Beaucoup d'auteurs semblent s'accorder sur le fait qu'il y
aurait un lien direct entre la décomposition de l'Etat en Afrique et le
regain du phénomène de l'ethnicité. A ce propos, P. Hugon
note que << dans les sociétés où l'Etat-Nation
demeure en voie de constitution et où les réseaux personnels et
les solidarités ethniques l'emportent sur l'institutionnalisation de
l'Etat, la crise économique a renforcé la décomposition de
l'Etat ». (1993 : 56) C'est cette situation d'affaiblissement de
l'Etat qui fut pour certains pays avec l'instauration du multipartisme,
à l'origine du développement du secteur associatif et des ONG.
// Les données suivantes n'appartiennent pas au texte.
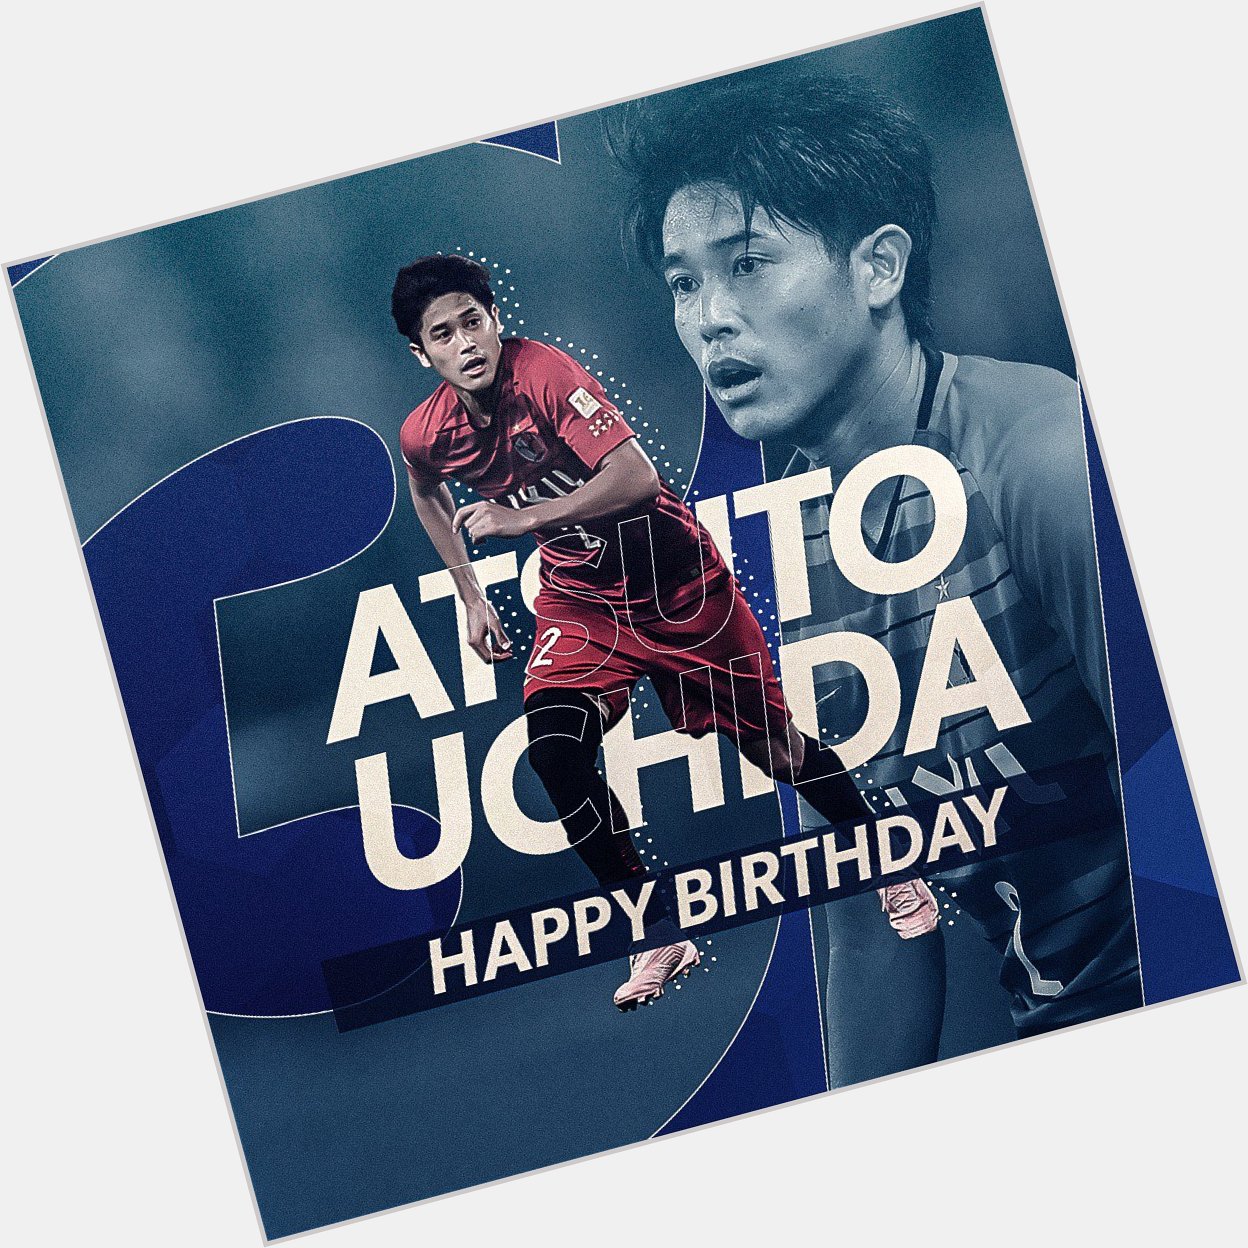 Here\s wishing Atsuto Uchida a very happy birthday!

Par ailleurs, le néo-libéralisme imposé
par les institutions de Bretton Woods dans le cadre des Programmes d'Ajustement
Structurel (PAS), dicte la réduction de l'intervention de l'Etat dans
l'économie ; l'Etat étant << l'ennemi » du
néo-libéralisme. Dans ces circonstances où, comme le dit
Ela, prévaut désormais << la mise sous tutelle de l'Etat
africain », on va assister à l'accroissement et au renforcement des
inégalités, à la marginalisation des groupes sociaux et
à la dégradation des conditions de vie. Le
rétrécissement de la fonction de l'Etat a entraîné
donc d'énormes conséquences sur le plan social et humain, dont
entre autres le mécontentement, les grèves, les
rébellions, les guerres civiles...
C'est ainsi que, comme va le relever M. Dia, << le
relâchement des liens entre l'individu et l'Etat a renforcé les
liens entre l'individu, la famille et son ethnie ». (1994 : 198) Par
là, la culture ethno-tribale devient une dimension importante dans la
gestion des organisations et semble même constituer un des fondements de
la logique du pouvoir africain. (Kamdem, Management et
interculturalité en Afrique : expérience camerounaise,
2002)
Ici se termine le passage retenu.